> **Raw data**:
* * * *
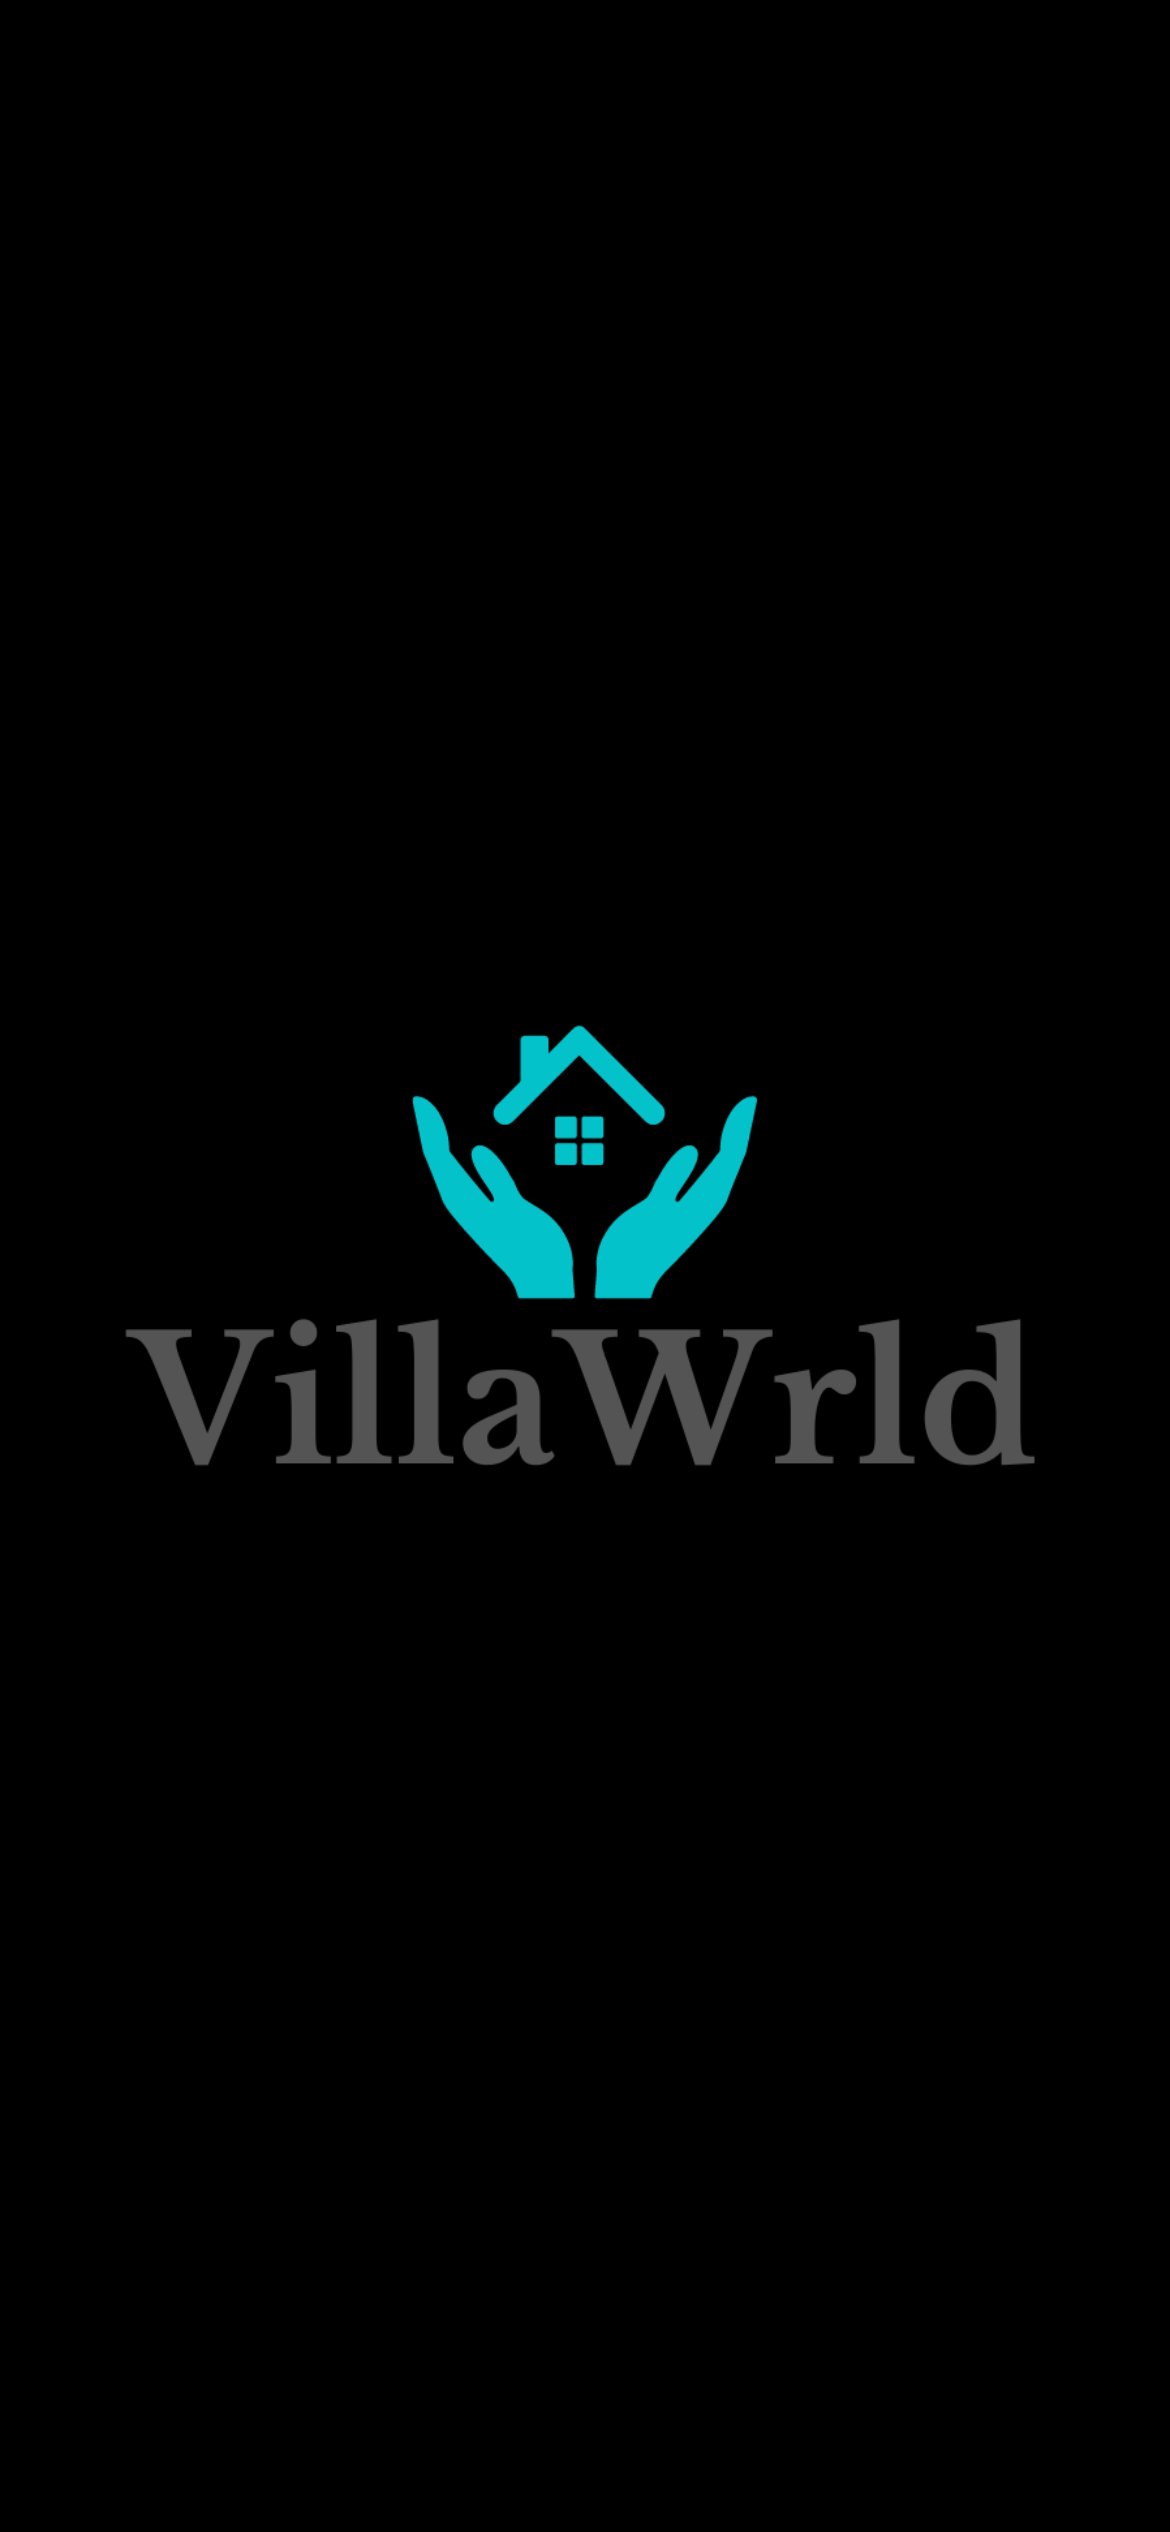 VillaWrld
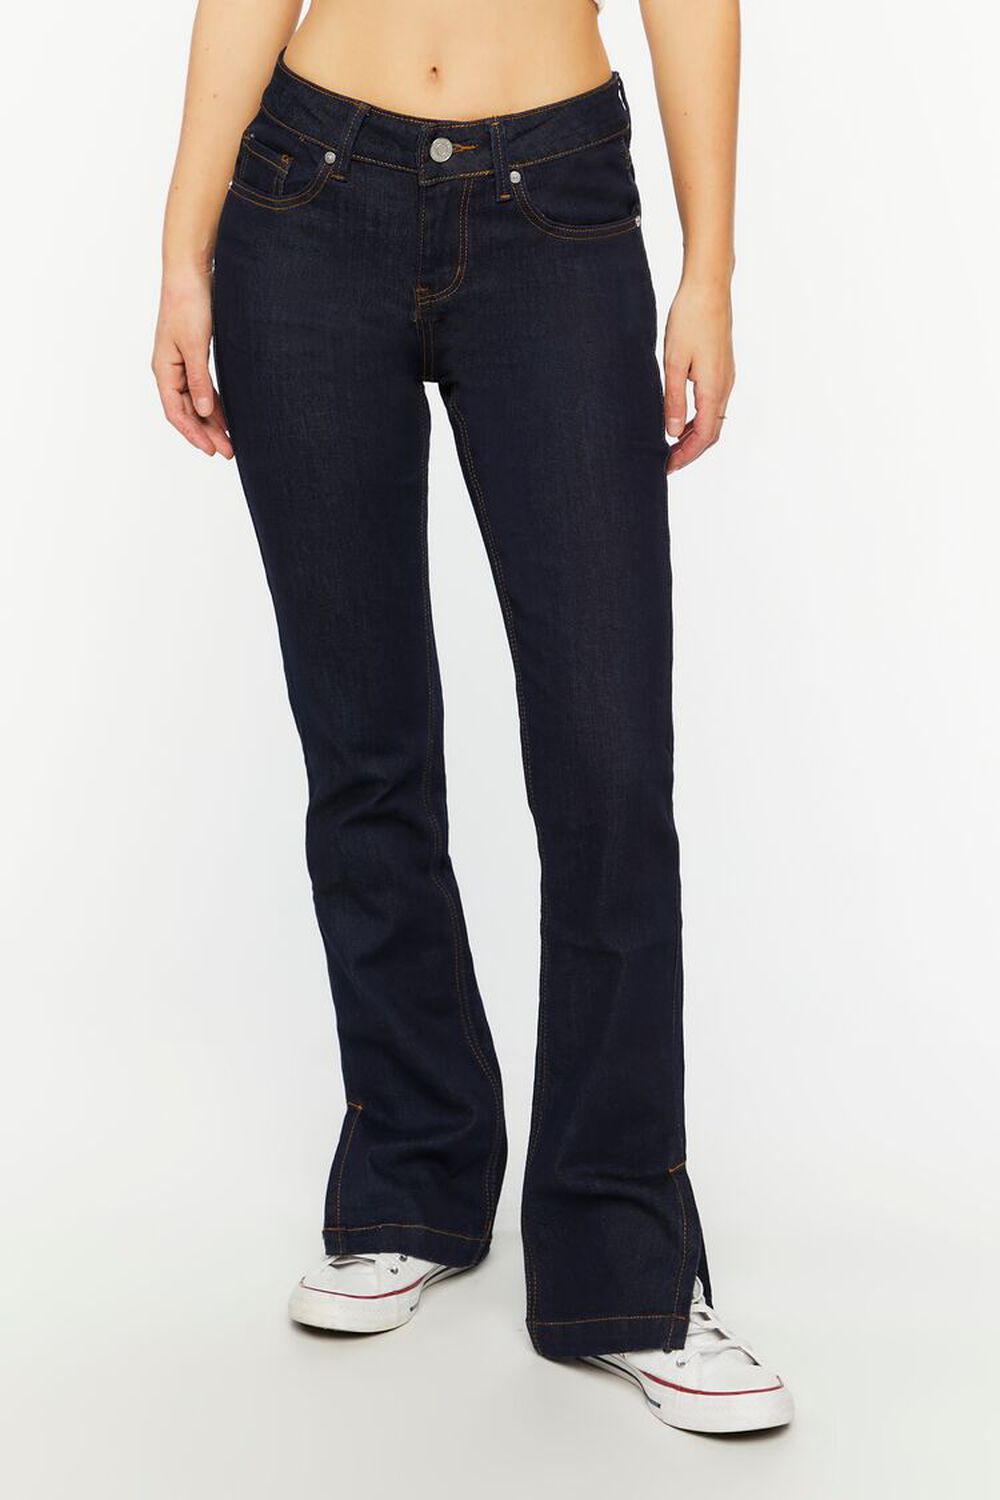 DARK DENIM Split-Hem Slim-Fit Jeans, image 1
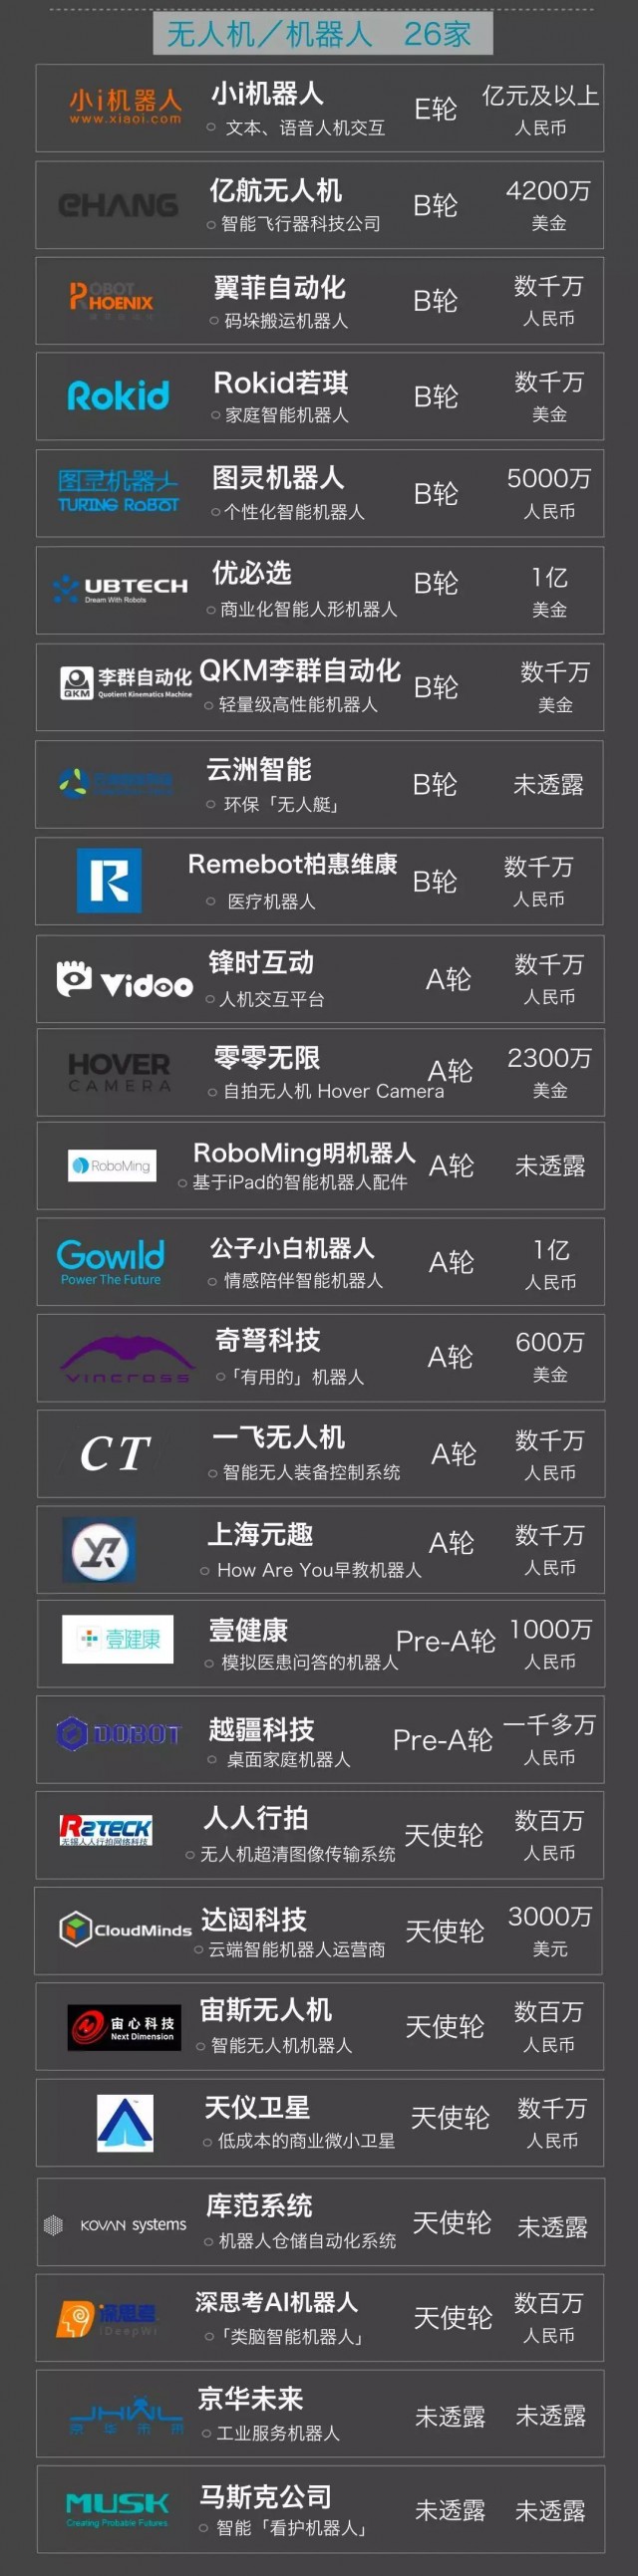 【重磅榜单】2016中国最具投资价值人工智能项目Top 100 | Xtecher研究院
* * * *
Drop the pictures and reproduce the rest of the data exactly.

 VillaWrld
 DARK DENIM Split-Hem Slim-Fit Jeans, image 1
 【重磅榜单】2016中国最具投资价值人工智能项目Top 100 | Xtecher研究院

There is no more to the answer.